Abstract
Extracellular potassium ion activity ([K+]o) increases precipitously during brain ischemia when blood flow falls below threshold values less than approximately 15 mL/100 g/min. This flow threshold for increase of [K+]o occurs also in focal ischemia producing gradient from ischemic core to adjacent normally perfused brain. In this study we investigated the spatial and temporal stability of extracellular potassium ion and blood flow gradients after permanent middle cerebral artery occlusion (MCAO) in rats. [K+]o and regional CBF were measured, respectively, with K+-sensitive and polarographic hydrogen-sensitive microelectrodes at different cortical locations in the middle cerebral artery distribution region. Spatial assessment of [K+]o and regional CBF was conducted at 30, 90, and 180 minutes after MCAO. [K+]o in the more lateral cortex (core) increased from near 3 mmol/L before MCAO to greater than 50 mmol/L and was associated with flow values less than 25% of pre-ischemic levels. Measurements medial to the core (penumbra) indicated progressively decreasing levels of [K+]o and improvement of CBF. There was a tendency for [K+]o in penumbral zones to decrease toward normal levels with time, but there was little dissipation of [K+]o in core regions. In contrast, the spatial CBF profile remained remarkably constant for the entire recording period. Thus, unlike infarction which has been reported to expand with time after focal ischemia, the spatial [K+]o disturbance tends to contract primarily due to decreasing [K+]o with time in the penumbra. Thus, steady state levels of [K+]o after focal ischemia may not be a valuable predictor of cell viability.

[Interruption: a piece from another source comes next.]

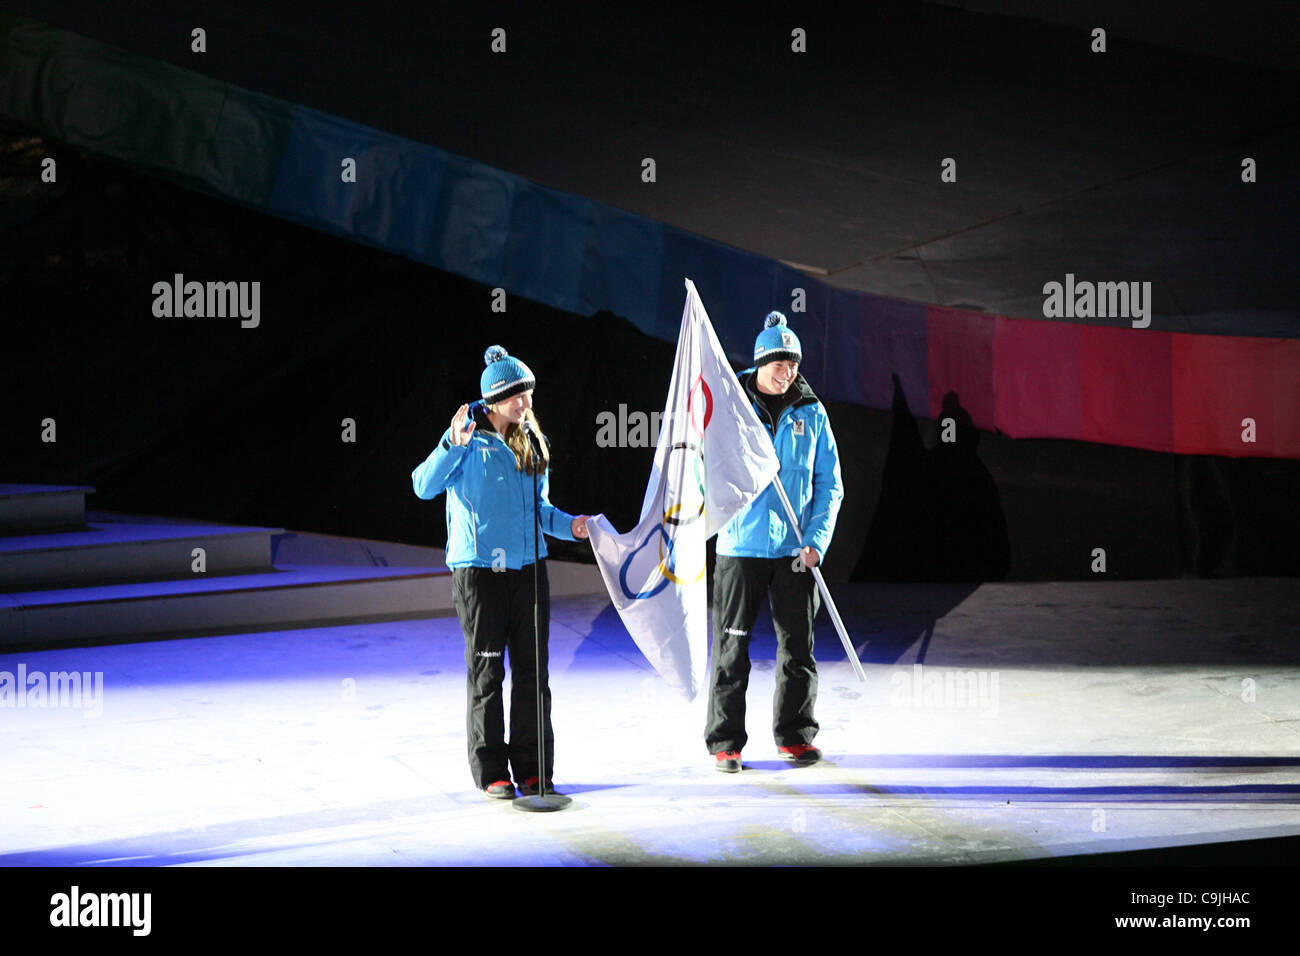 13.01.2012.  Innsbruck, Austria. Christina Ager (AUT) during the Winter Youth Olympic Games Opening Ceremony. Christina Ager pronouncing the Olympic oath of the athletes and forget it and saying 'scheisse' on 13/01/2012 in Innsbruck, Austria. Stock Photo

Energy failure associated with brain ischemia produces severe changes in the distributions of most ions including the cations sodium, potassium, calcium, and hydrogen (Hossmann et al., 1977; Hansen et al., 1980; Siemkowicz and Hansen, 1981; Mutch and Hansen, 1984; Mayevsky et al., 1985; Hossmann and Grosse Ophoff, 1986; Hansen and Nedergaard, 1988; Hossmann et al., 1988; Raffin et al., 1991). The direction of ionic movement is down the electrochemical gradient for each ion species. For example, potassium ion increases in the extracellular compartment (Hossmann et al., 1977; Hansen et al., 1980; Raffin et al., 1991) while both sodium ion and calcium ion decrease in the extracellular compartment (Hossmann et al., 1977; Siemkowicz and Hansen, 1981) and increase intracellularly (Uematsu et al., 1988). Moreover, the changes in brain ionic concentrations during severe ischemia are not gradual but explosive in nature. Extracellular potassium ion increases suddenly from approximately 3 mmol/L to more than 50 mmol/L in a matter of seconds after the onset of ischemia while extracellular sodium and calcium ion concentrations decrease suddenly at approximately the same time.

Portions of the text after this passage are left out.